One thing to ask know is what is the middle point of the distribution - the point that divides the distribution into two halves with the same number of items each, and this is what the median tells us.
Median
Percentiles
In addition to the midpoint of the distribution one can split the distribution into any fraction and this is what the percentiles measure.
What are the 10, 50 and 90 percentiles?
Notice that the 50 percentile is he same as to the median, as is natural from the definition of the median.
How would you describe the employee compensation in the City of San Francisco?
Describe with words referring to the distribution and the statistics from above.
In 2015, employees in San Francisco earned 115.000 a year on average, where 11.000 was the lowest and 648.000 the highest yearly income. The top 10% earn more than 196.000 yearly, whereas the lowest 10% earn less than 32.000 a year
Part 2: Estimating the Median from a Random Sample
Normally we don't have access to the entire population and we want to make estimates, for example, the median, about it from a random sample. In this part, we simulate this situation by drawing a random sample of 500 points from the population, calculating the median as an estimate of the population median (parameter). Then we use Bootstrapping to calculate the confidence of the estimate.
Random sample
Draw a random sample form the population TC
.
Hint: use np.random.choice()
with and set the keyword argument replace to False
To see how different the estimate would be if the sample had come out differently, we could just draw another sample from the population, but that would be cheating. We are trying to mimic real life, in which we won't have all the population data at hand.
Somehow, we have to get another random sample without sampling from the population.
The Bootstrap: Resampling from the Sample
WARNING: the following paragraph is quite loaded with jargon and may sound like a tongue twister.
The idea behind bootstrapping is to simulate possible samples by randomly sampling our sample. For each of this samples we compute the statistic, in our case the median, thus obtaining a distribution of bootstrap sample medians. The 95% confidence interval is given by the 2.5% and 97.5% of this distribution.

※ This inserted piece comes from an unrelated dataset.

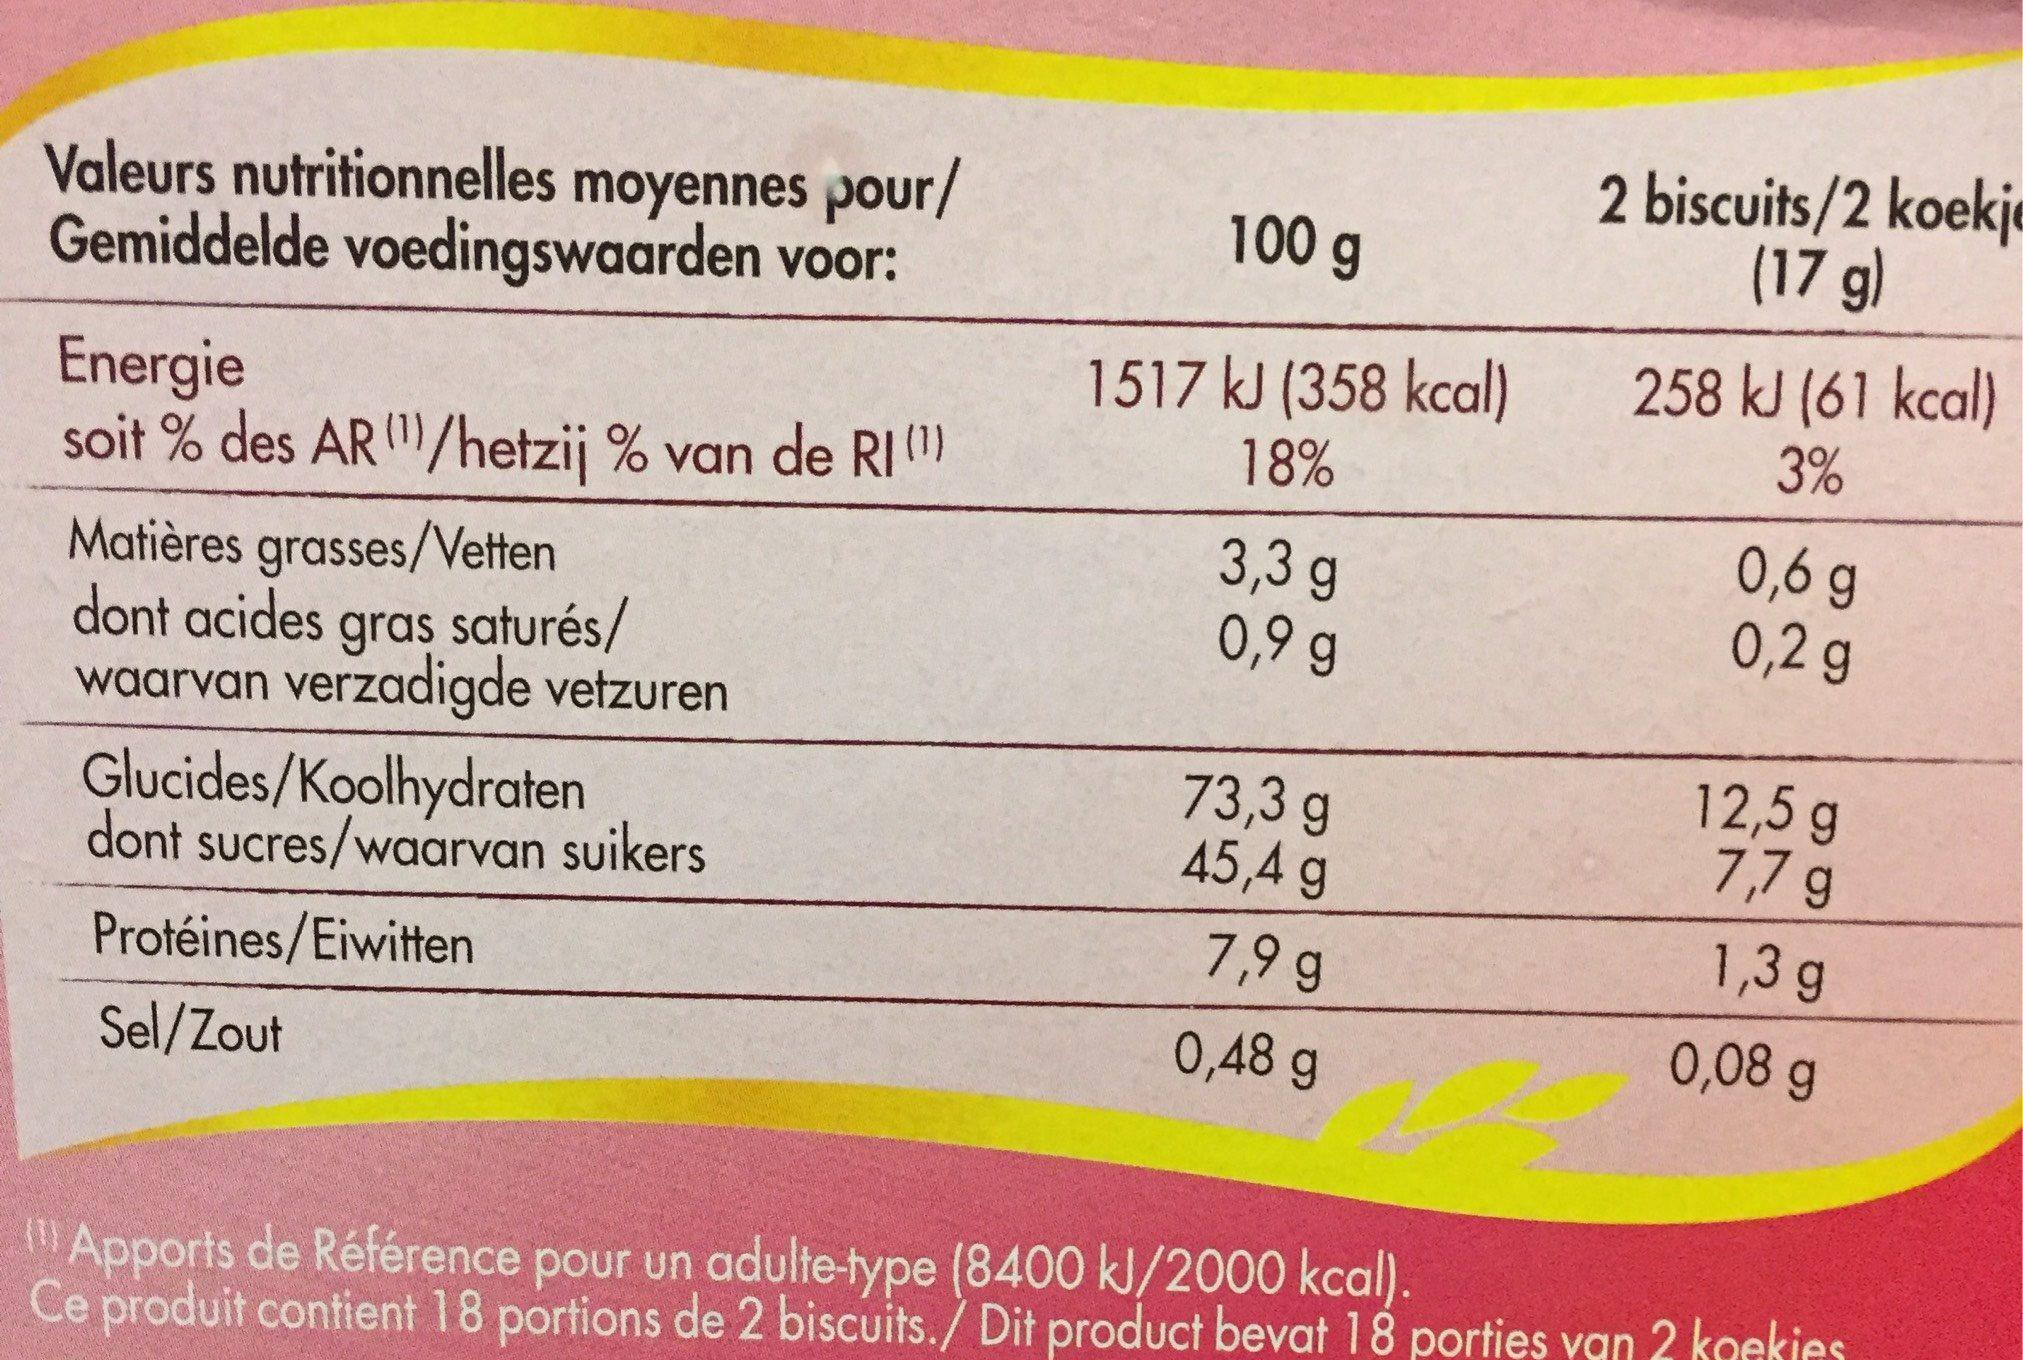 Biscuits cuillers aux oeufs frais - Nutrition facts - fr

Read more about the Bootstrap method here.
Resample
The because we're drawing a sample from the original sample we want to draw the elements mantaining the probabilities of the original sample, thus we sample with replacement.
Bootstrap Empirical Distribution of the Sample Median
Let us define a function bootstrap_median that takes our original sample, the label of the column containing the variable, and the number of bootstrap samples we want to take, and returns an array of the corresponding resampled medians.
Each time we resample and find the median, we replicate the bootstrap process. So the number of bootstrap samples will be called the number of replications.
Let's use the function bootstrap_median
to get the distribution of medians with 5000 replications.
Now let's plot the histogram of the 5000 bootstrap medians together with the sample median (sample_median
) that we calculated with the original sample and the middle 95% interval.
To summarize what the simulation shows, suppose you are estimating the population median by the following process:
- Draw a large random sample from the population.
- Bootstrap your random sample and get an estimate from the new random sample.
- Repeat the above step thousands of times, and get thousands of estimates.
- Pick off the "middle 95%" interval of all the estimates.
That gives you one interval of estimates. Now if you repeat the entire process 100 times, ending up with 100 intervals, then about 95 of those 100 intervals will contain the population parameter. In other words, this process of estimation captures the parameter about 95% of the time. You can replace 95% by a different value, as long as it's not 100. Suppose you replace 95% by 80% and keep the sample size fixed at 500. Then your intervals of estimates will be shorter than those we simulated here, because the "middle 80%" is a smaller range than the "middle 95%". Only about 80% of your intervals will contain the parameter.